This is a very apocalyptic culture. When you are always in it, you don’t notice but it’s the most striking of its features. I still feel startled by this every day. We experienced some really major collapses back in the late 1980s and 1990s. Do you know what it’s like when everybody loses all of their savings, at once, overnight? This happened to us. And people did go nuts over it, understandably. But nobody went as nuts as Americans go every day over completely imaginary crises. I’ve lived in Canada, and there’s nothing remotely like this. It’s unique.
This isn’t a uniformly negative thing. A youthful freshness of perspective is not bad at all.
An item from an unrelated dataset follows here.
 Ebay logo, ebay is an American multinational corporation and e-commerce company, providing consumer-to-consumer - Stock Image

Problems only begin when society becomes very atomized. The constant apocalyptic blaring creates an unbearable affect for some folks. That unbearable affect is easily contained if you are surrounded by people who anchor you in reality: a close family, a group of close friends, a real (not online) community of some sort.
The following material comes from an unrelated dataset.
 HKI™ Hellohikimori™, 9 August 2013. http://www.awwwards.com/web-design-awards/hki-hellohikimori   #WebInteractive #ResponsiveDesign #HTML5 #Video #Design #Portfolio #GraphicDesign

When the idea that the world is ending implants in the mind of a very lonely person, that person starts expecting death. It’s impossible to live, constantly fearing that the end is coming at any, completely unpredictable time. It’s not shocking that at least a few such people will engineer a situation of controlling both death and a group of people.
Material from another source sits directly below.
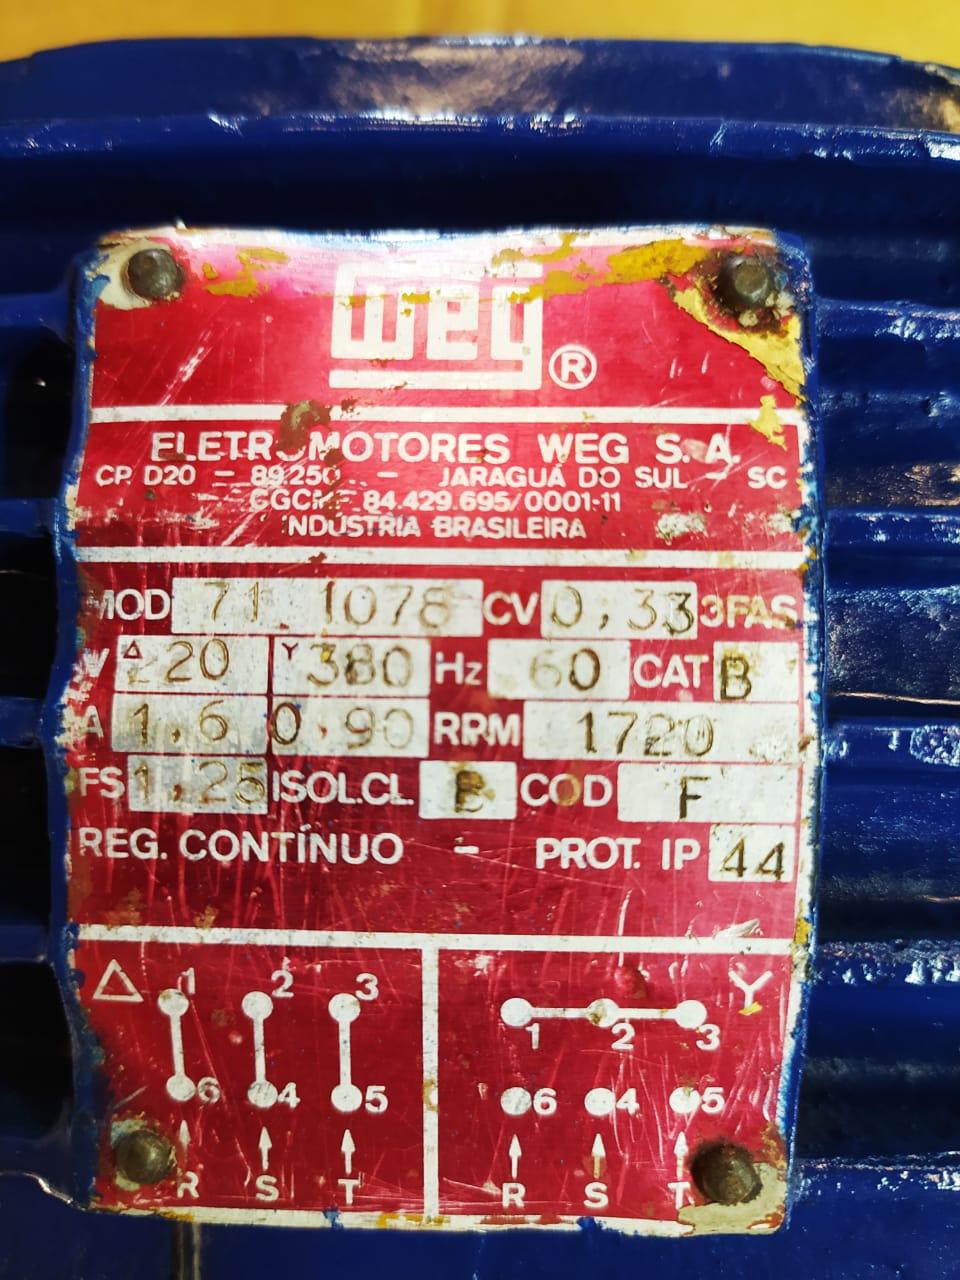 Motor Weg Trifásico 0.33CV 0.25KW 4 Polos 1740Rpm Blindado 220V 380V Usado

This kind of apocalyptic mentality can only avoid creating all sorts of insanely sick scenarios if it exists in a society that is very good at building cohesion. Neurosis is defined as “living in the expectation of something bad that’s about to happen.” We need to stop being so in love with this neurosis.
Look at this morning’s post. We are freaking out the kids with our incessant screeching about existential crises and imminent collapses. It’s easy to blame some dumb buggers from a hundred years ago but they didn’t cause this. We are.